テストを行うためにやりたいことはTurtleクラスをGoogle Mockで作ったMock_Turtleに挿し替えること。

DIパターンのほうでは簡単に挿し替えることができる。 コンストラクタで渡すオブジェクトをモックオブジェクトにするだけ。

Mock_turtle turtle;
Painter painter(&turtle);

なぜこのようなことができるのかというと、DIパターンの方のPainterは、Painter自身はTurtleクラスの存在を知らず、インタフェースしか把握していないということ。

つまり、外からインタフェースのどのような具象が与えられるかは把握していない(関係ない)ため、同じインタフェースを持つモック(具象)が与えられても問題なく動くのである。

一方ハードコーディングされている方はどうだろうか。 これはMock_Turtleに挿し替えることは不可能。
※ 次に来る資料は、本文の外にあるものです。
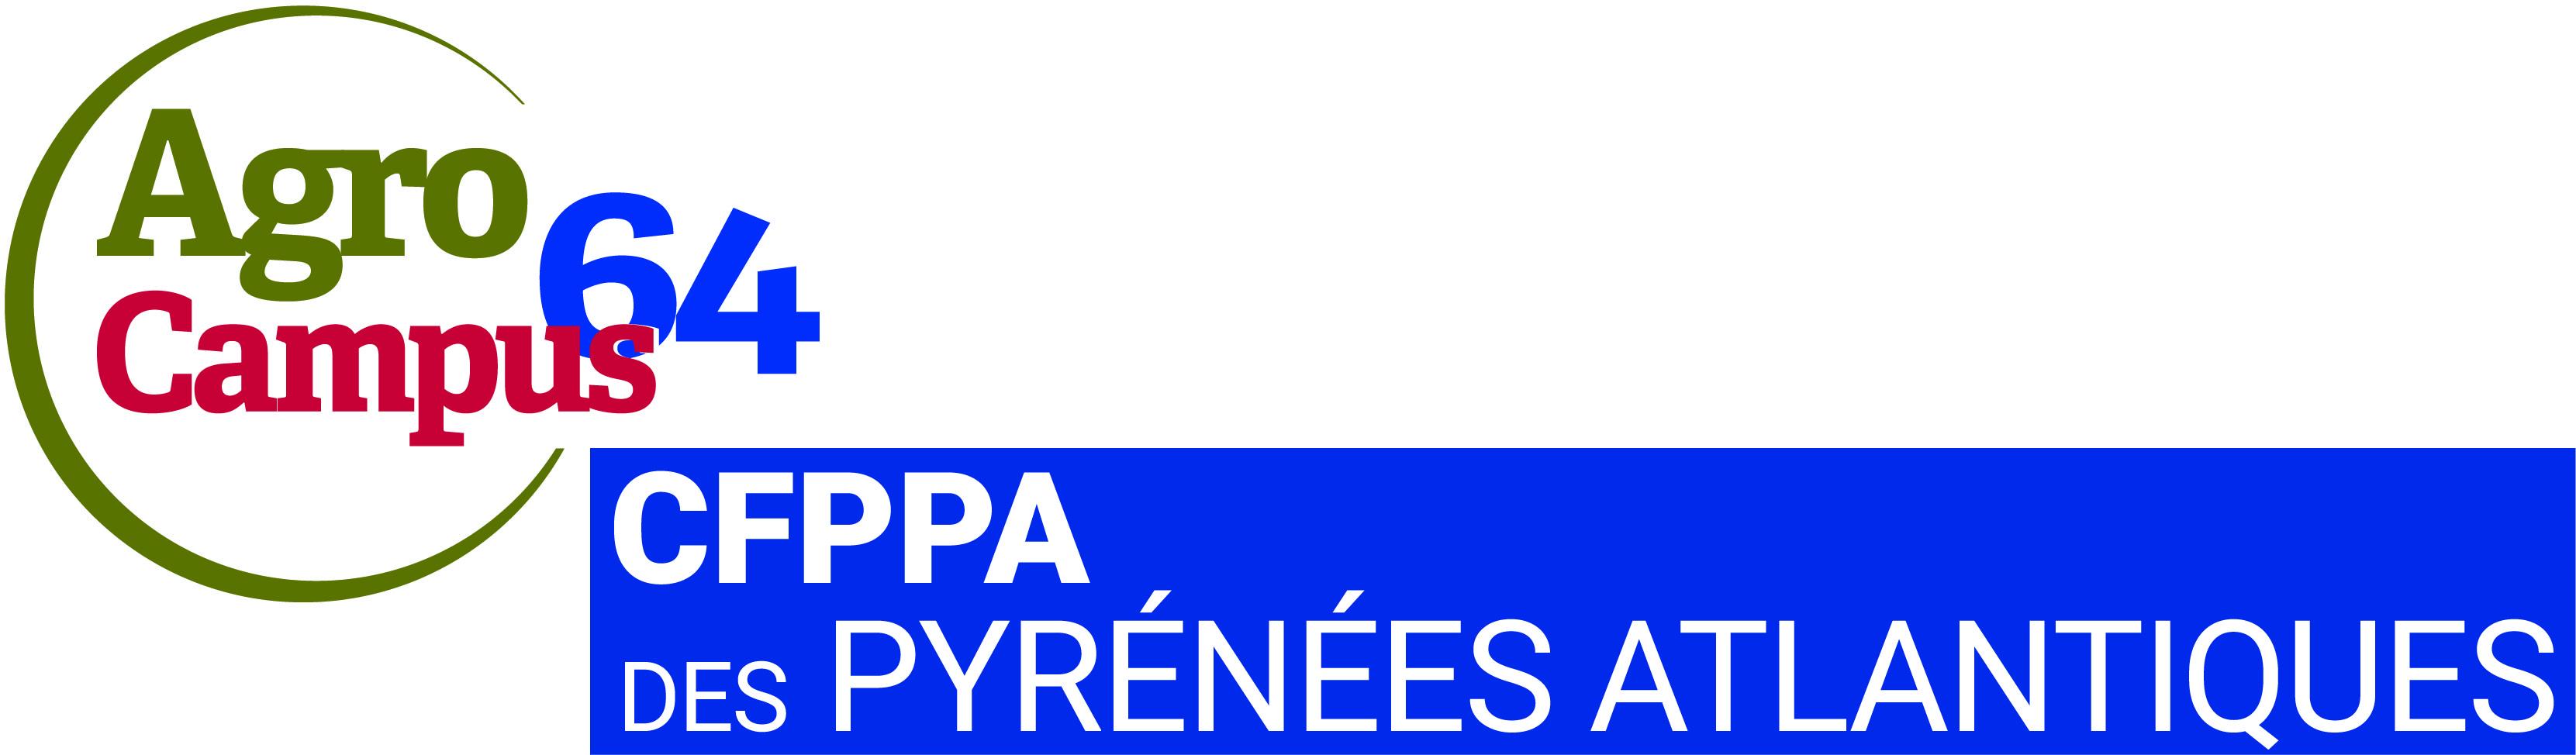 CFPPA 64
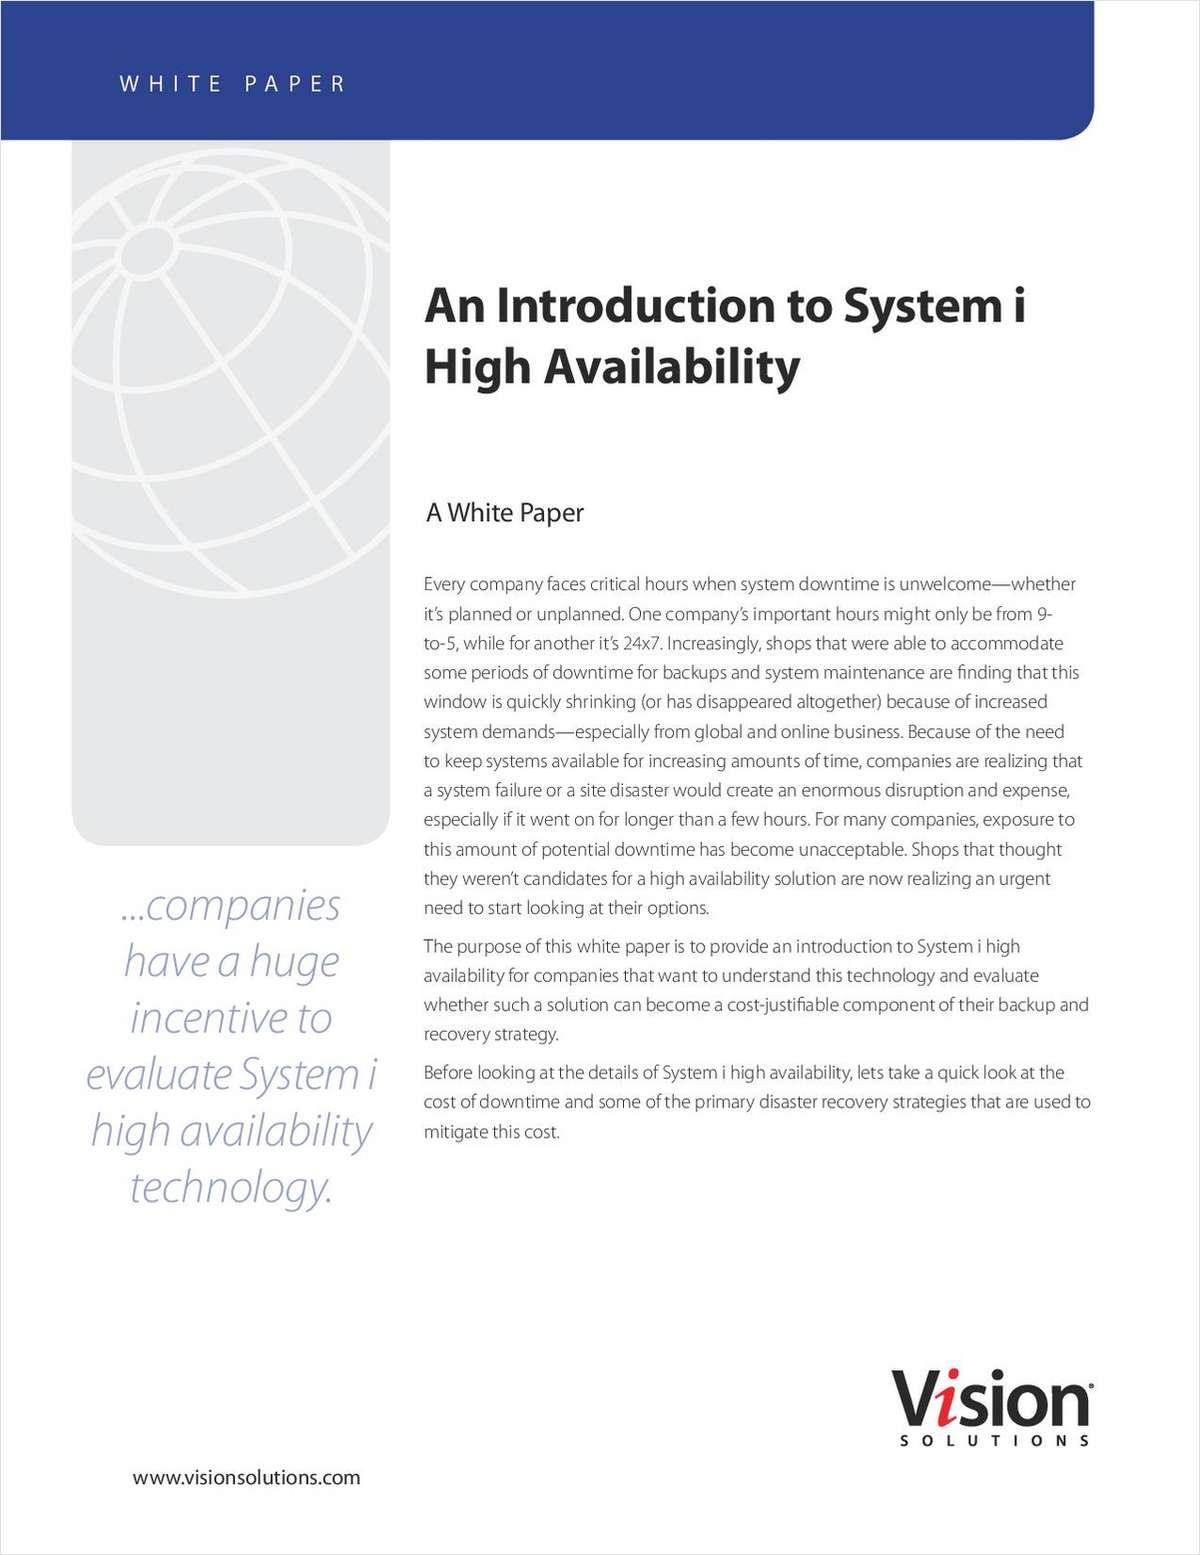 High Availability on IBM System i (AS/400) - An Introduction

製品コードに手を入れる必要がある。

//たとえば製品コードを#define DEBUGでデバッグビルド時にMockオブジェクトに挿し替える
class Painter{
    Painter(){};
    ~Painter(){};
    #ifndef DEBUG
    InterfaceTurtle turtle = new Turtle();
    #else
    InterfaceTurtle turtle = new Mock_turtle();
    #endif // !DEBUG
}

テストしやすい構造=DIパターン?

ということは、テストしやすい構造はDIパターンを使っているもので、それ以外はテスト性が悪いと行っていいのだろうか。

基本的にはYES。なので基本的に、他のクラスを使うときにはDIパターンでオブジェクトを渡せないかを考える、といった方針で良いと思う。

ただし、必ずDIパターンにできるかというとそれはまた別問題。

たとえばPainterがTurtleの他に10個のオブジェクトが必要になったとしたとき、コンストラクタの引数がとても多く煩雑になる。

引数の数を変えると呼び出し元の記述もかえなければいけないため、安易に引数の数が変わるような設計はやめておいたほうがいい。

//引数が多くて煩雑
Painter painter(&turtle,&SeaTurtle,&Crane,&Elephant,&Eagle,・・・);

その他にも、無理にDIパターンを使うことで設計が崩れてしまう、といった場合にはDIパターン適用によるテスト性の向上と天秤にかけて考える必要がある。

おわりに

簡単にクラスの動きを模擬できるGoogle Mock。どのようなものかわかっていただけただろうか。 DIパターンで作られていれば、簡単にクラスの動きを模擬できる神のような存在と、感じていただけただろうと思う。

Google Test/Mockなどのテストフレームワークを使ってテストを書いてみると、「テストのしやすさ」といった設計の観点を体感できるためぜひ一度は試してみるのはいかがでしょう。